La trasparenza quindi non è il forte di Neuralink, come il realismo non lo è di Elon Musk: a Novembre, quattro legislatori degli Stati Uniti hanno chiesto di verificare se il suo fondatore non avesse ingannato gli investitori di Neuralink, valutata 5 miliardi di dollari, omettendo informazioni sulla sicurezza dell’impianto. Ma mentre l’inchiesta parte, Musk rilancia: «Nel lungo termine, Neuralink spera di svolgere un ruolo nella riduzione del rischio per la civiltà dovuta all’intelligenza artificiale, migliorando la larghezza di banda» – ovvero la comunicazione – «da uomo a intelligenza artificiale (e da uomo a uomo) di diversi ordini di grandezza».
Lo scetticismo è garantito, il concetto invece è chiaro: per ora stiamo solo sfiorando le potenzialità delle interfacce cervello-computer, che si spera riescano a rispettare, nelle prossime decadi, la promessa di restituire, almeno in parte, un grado di indipendenza alle persone immobilizzate. Ma anche solo questo enorme traguardo è lontano e la commercializzazione dei dispositivi BCI è ancora nella sua fase infantile, neonatale quasi.

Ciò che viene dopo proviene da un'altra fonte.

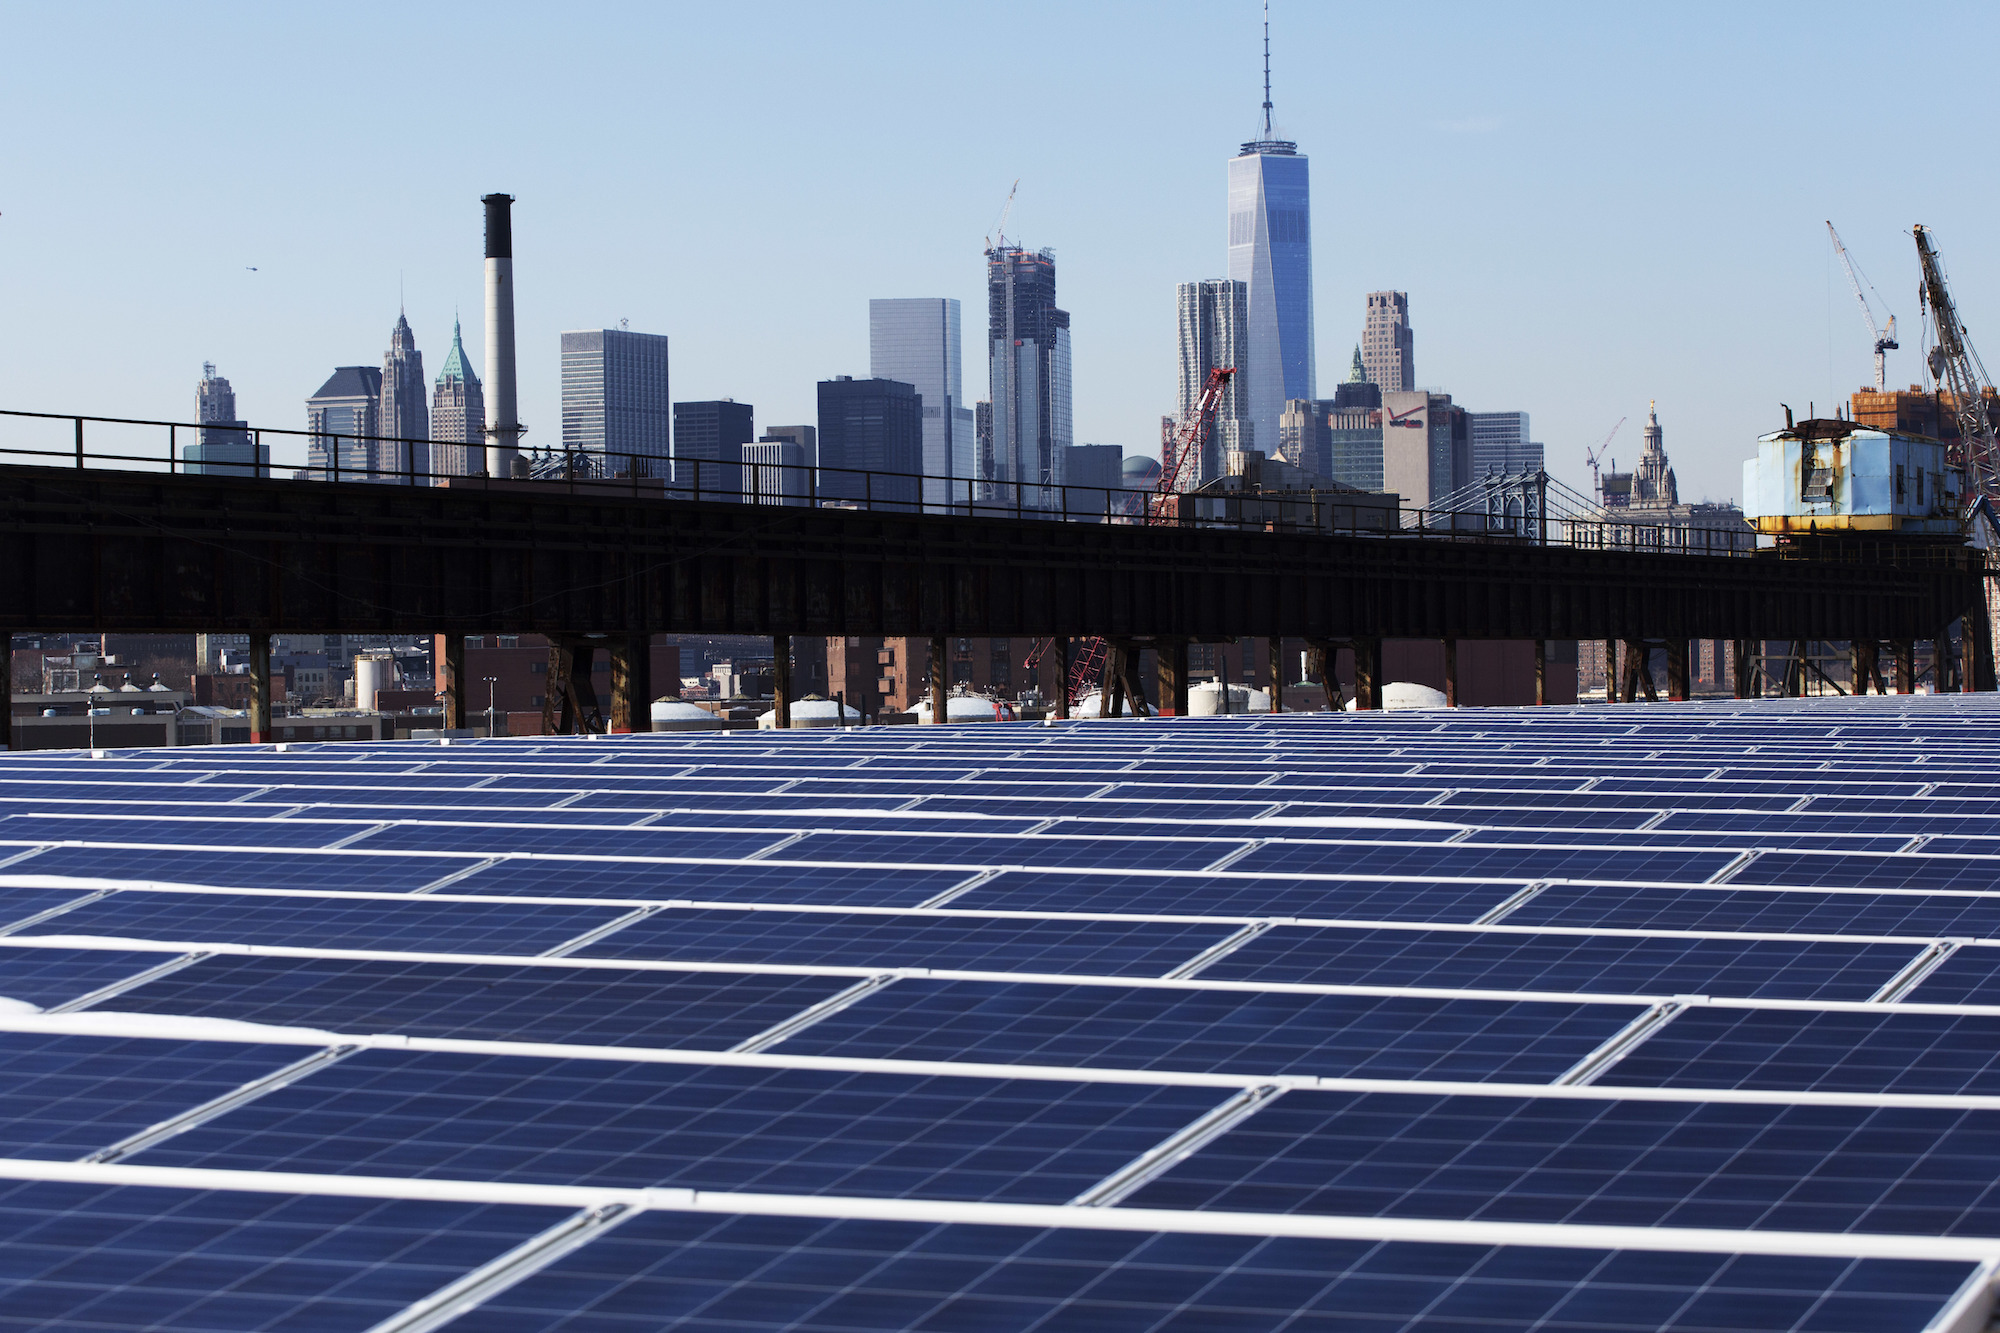 a photo of many rooftop solar panels along the bottom of the image. Above, you can see the Manhattan skyline with man tall skyscrapers.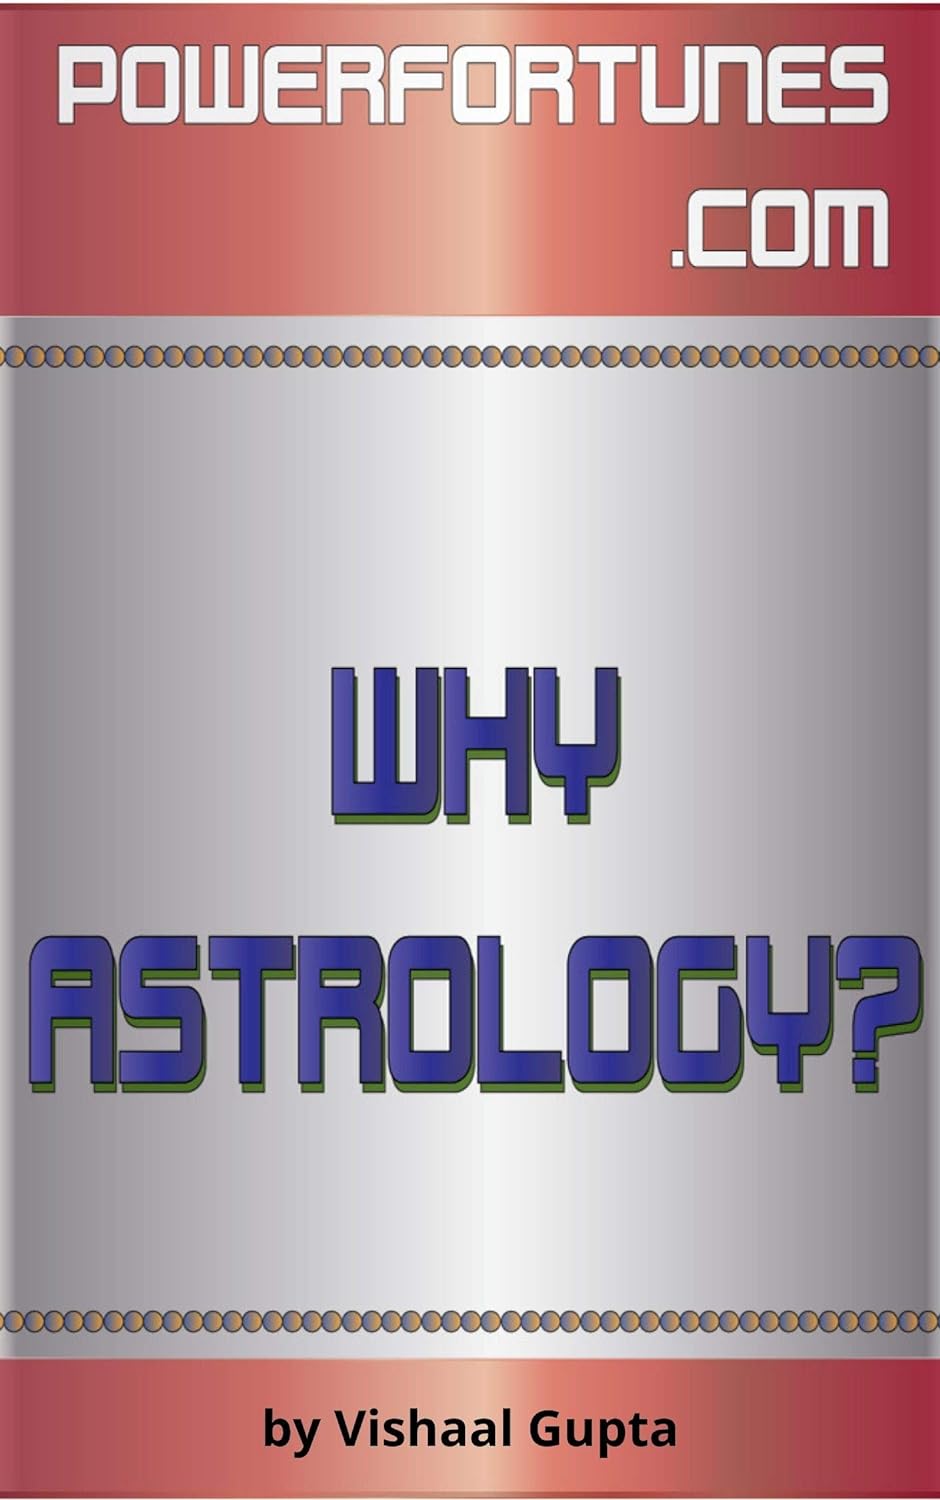 Why Astrology: A Collection of Articles by the Leading Astrology Website, PowerFortunes.com.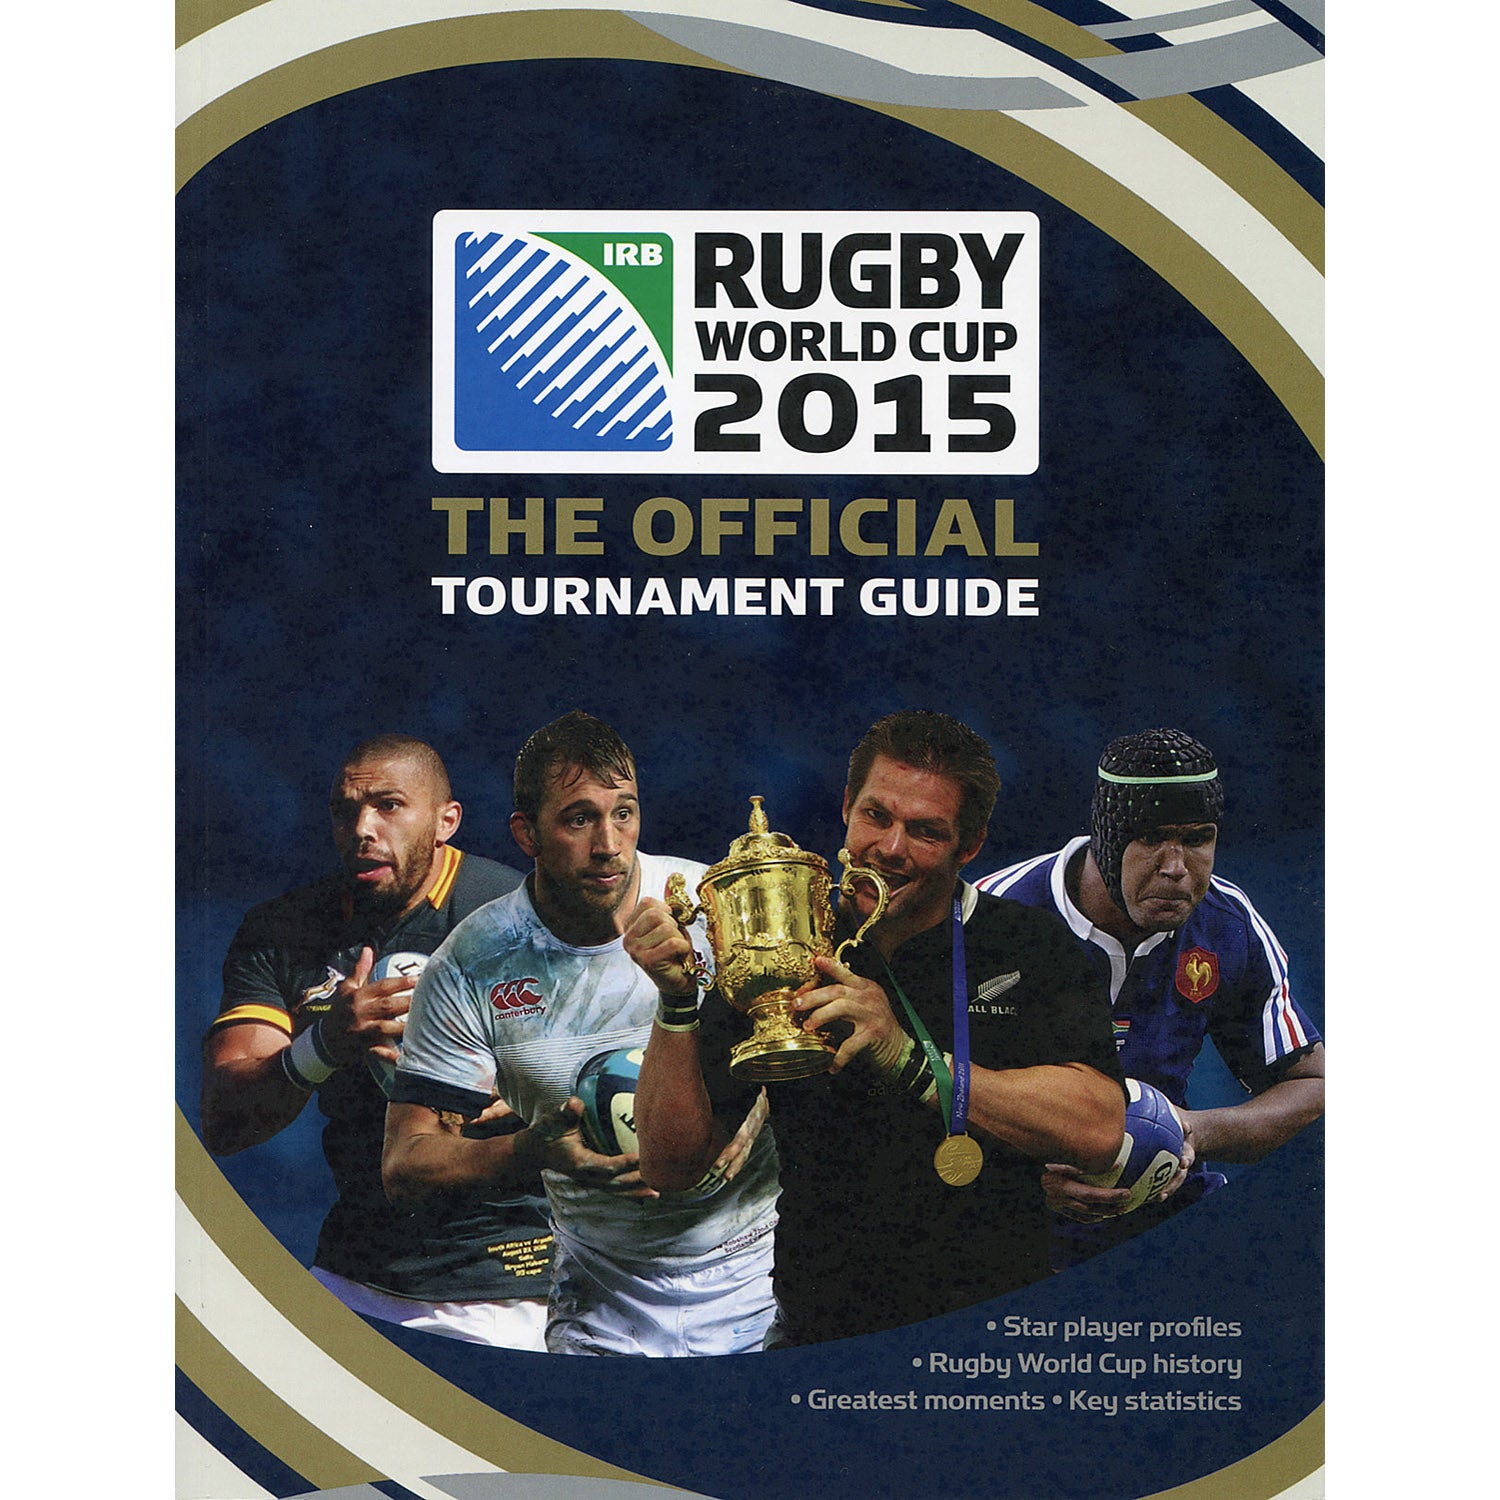 Rugby World Cup 2015 – The Official Tournament Guide

Se è vero che questi recenti sviluppi spingono a una riflessione sulle questioni etiche, come i neuro-diritti e la privacy mentale, è anche chiaro che stiamo parliamo solo di controllo motorio: i circuiti nervosi che regolano il movimento sono infatti piuttosto noti, semplici e scalabili, ovvero simili tra gli esseri umani. Tutto quello che è astratto, il pensiero, il dialogo interno e le emozioni, leggere la mente insomma è un fenomeno talmente individuale che rimane tutta un’altra storia, per ora.
Camilla Orlandini – Classe 95′, è laureata in Neurobiologia presso Sapienza Università di Roma perché “il suo cervello era curioso di conoscersi”. Dopo un lavoro di tesi sperimentale sui circuiti cerebrali coinvolti nei meccanismi istintivi di difesa ha capito che la scienza, più che farla, le piaceva raccontarla. Ha frequentato il Master “La scienza nella pratica giornalistica” della Sapienza.